Another example of devices for reducing the waste of water while refilling the reservoir tank is U.S. Pat. No. 5,287,565 to Auman et al. The Auman patent teaches the use of a small plastic insert with a generally square cross section and a generally rectangular body that serves as a manifold for several exit outlet tubes. The Auman device receives water from the fill tube in its rectangular body which evenly distributes the water over several exit tubes. The user directs the flow of a desired number of exit tubes into the overflow tube and allows the balance of the tubes to spill into the overflow tank. The rectangular body of the Auman invention offers a flow path that presents an expanded cavity with a cross-section that is larger than the cross-section of the flow path (wetted area) of the fill tube. This expanded cavity allows even dispersion into exit tubes through openings that are of the same size. The Auman device is designed to reduce the pressure from the fill line by providing an expanded cavity that acts as a plenum that evenly distributes the water over the ports that lead to the exit tubes. The user determines which of the exit tubes are to empty into the overflow tube and which tubes spill into the overflow tank. This arrangement is disadvantaged in that it is noisy because the many tubes that empty into the reservoir tank spill directly on to the water within the tank, and thus can produce splashing noises. Moreover, the header or plenum design tends to slow the exiting streams to the point where it becomes less likely that the streams will be fully and evenly distributed when entering the bowl. This lack of velocity and dispersion on entering the bowl can lead malfunctions and to uneven rinsing of the bowl with each flush. Still further, the lack of velocity and dispersion can lead to quicker staining of the bowl by minerals deposited by the water.

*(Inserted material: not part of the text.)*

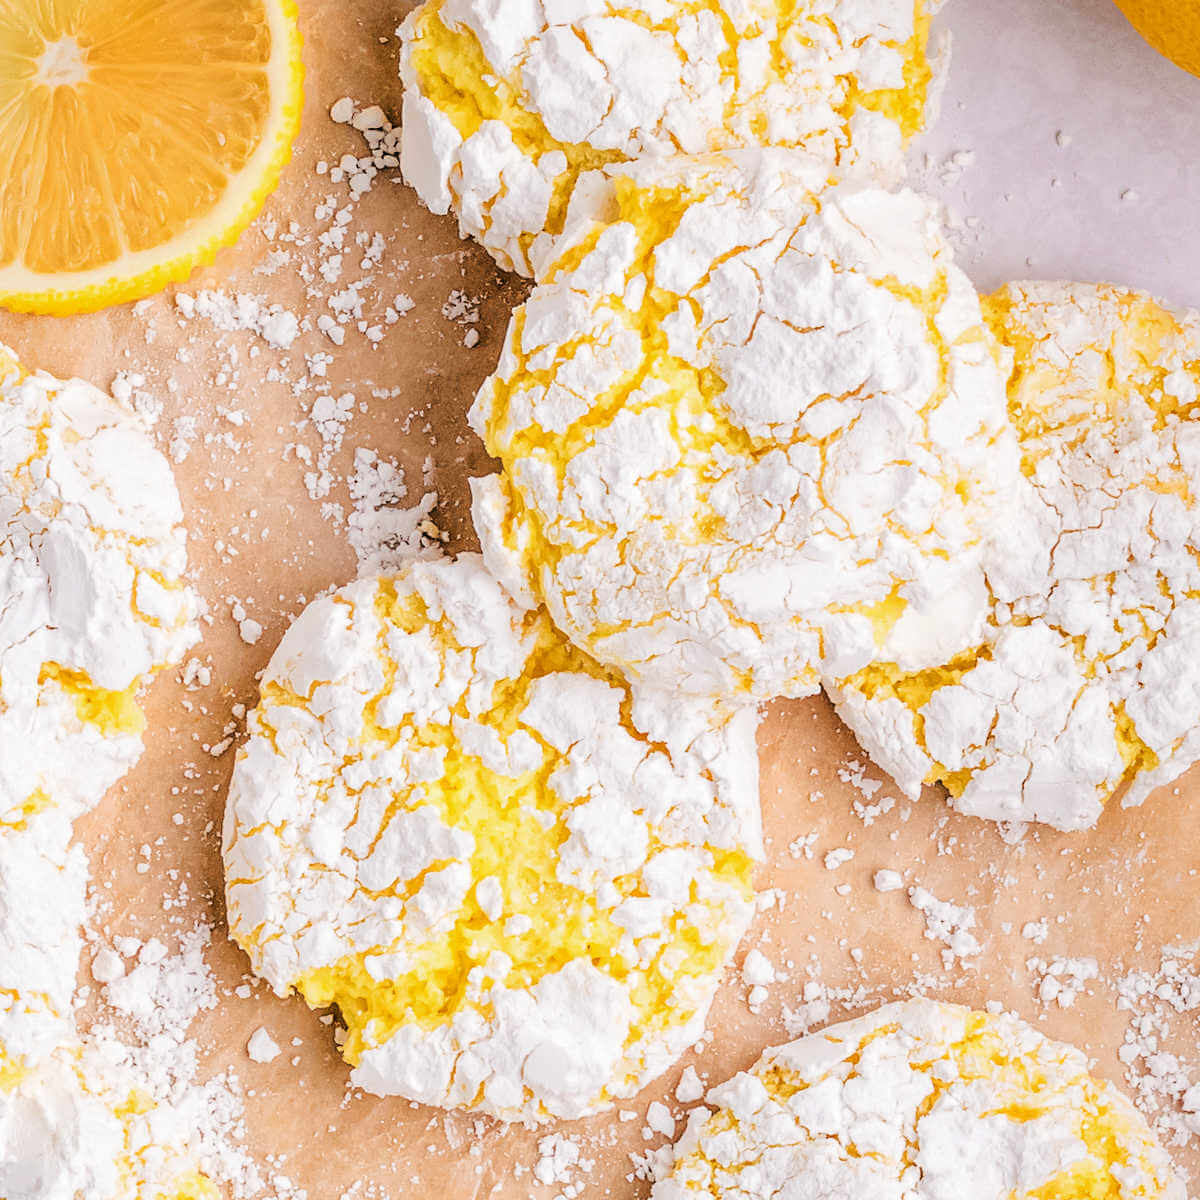 Lemon Crinkle Cookies on a table with lemon slices.

There remains, therefore, a need for a simple device for reducing the water wastage during the filling of the reservoir tank. Importantly, there remains a need for a simple device that uses few parts and that can be used with existing water closet installations, regardless of the manufacturer.
Moreover, there remains a need for a water closet water saving device that is reliable, easy to install and that does not require special skills to achieve optimal or desired results. Also, there remains a need for a simple, effective, quiet apparatus for reducing the waste of water during the filling of the reservoir tank of a water closet.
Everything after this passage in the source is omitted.